BILLINGS – The Montana Legislative House Fish, Wildlife, and Parks Committee heard testimony on House Bill 241, Tuesday, February 9th. The bill is sponsored by Rep. Joe Read (R) from Ronan and seeks to revise hunting laws related to tribal boundaries.
Legislators heard opposition from Western Native Voice, tribal leadership, tribal members, legal counsel, the ACLU-MT, and numerous other concerned organizations. In addition to the impressive number of in-person opponents, there were over 20 online opponents who also voiced their displeasure with the bill.
Along with Rep. Read, supporters framed HB 241 as a private property issue or a conservation issue. A real estate broker, David Passieri, said that he “lives and breathes property rights,” as he attempted to persuade lawmakers to vote in favor of this bill.
Sen. Jason Small (R), a member of the Northern Cheyenne tribe, said, “This bill is a quagmire. If this passes, it will be a never-ending legal process.” Rep. Jonathan Windy Boy (D) of House District 32 also rose in opposition to the bill.
Jestin Dupree, a Fort Peck Tribes Councilman, noted that the right to hunt and fish on our lands are “rights we have fought and died for.” That sentiment was echoed by Marzha Fritzler, legal counsel for the Crow Tribe, when she recalled her childhood, “Growing up on the Crow reservation when things were tough, we survived on deer meat. We wouldn’t have made it, had it not been for our right to hunt on our land. We can’t take that away.”
WNV Political Director, Keaton Sunchild, also testified saying, “There were supporters of this bill saying that they were multi-generation Montanans, so they should be able to hunt these lands. If that’s the argument they want to make, that’s fine, because Native Americans will win that debate every time. The treatment of the Indigenous people in Montana is proof that being here first doesn’t mean that you are entitled to anything.”
In his closing statement, Rep. Read admitted he had learned a lot and that he left the fate of the bill up to the committee.

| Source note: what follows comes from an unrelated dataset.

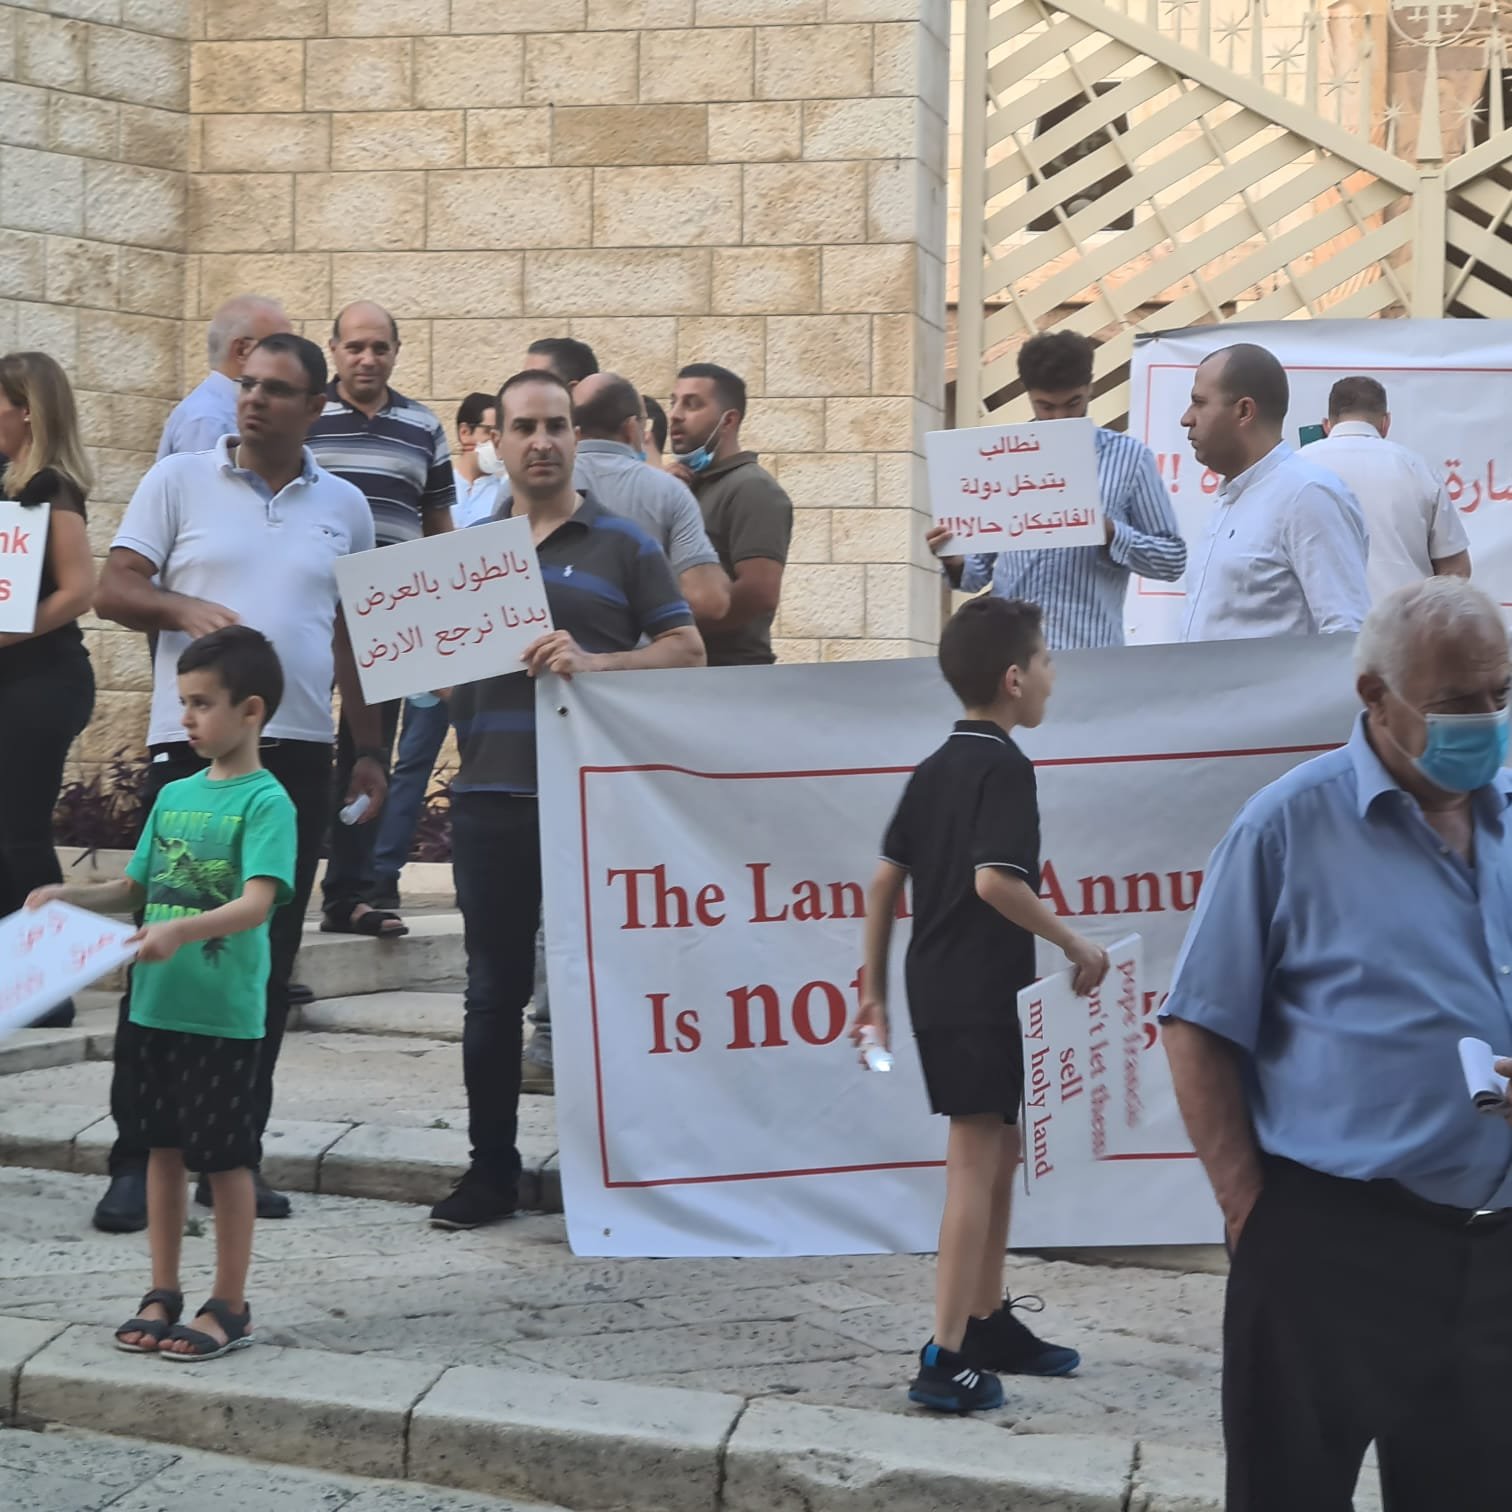 مباشر، الناصرة: مسيرة شموع وتظاهرة احتجاجية ضد صفقات بيع الاراضي بعنوان "ارض البشارة مش للتجارة"-13

Western Native Voice is a non-profit, non-partisan social justice organization working to inspire Native leadership through community organizing, education, leadership, and advocacy. With 7% of Montana’s population being Native American living almost evenly split between reservation and urban areas, WNV organizes in rural and urban communities using a culturally tailored community organizing and citizen education model to build Native leadership.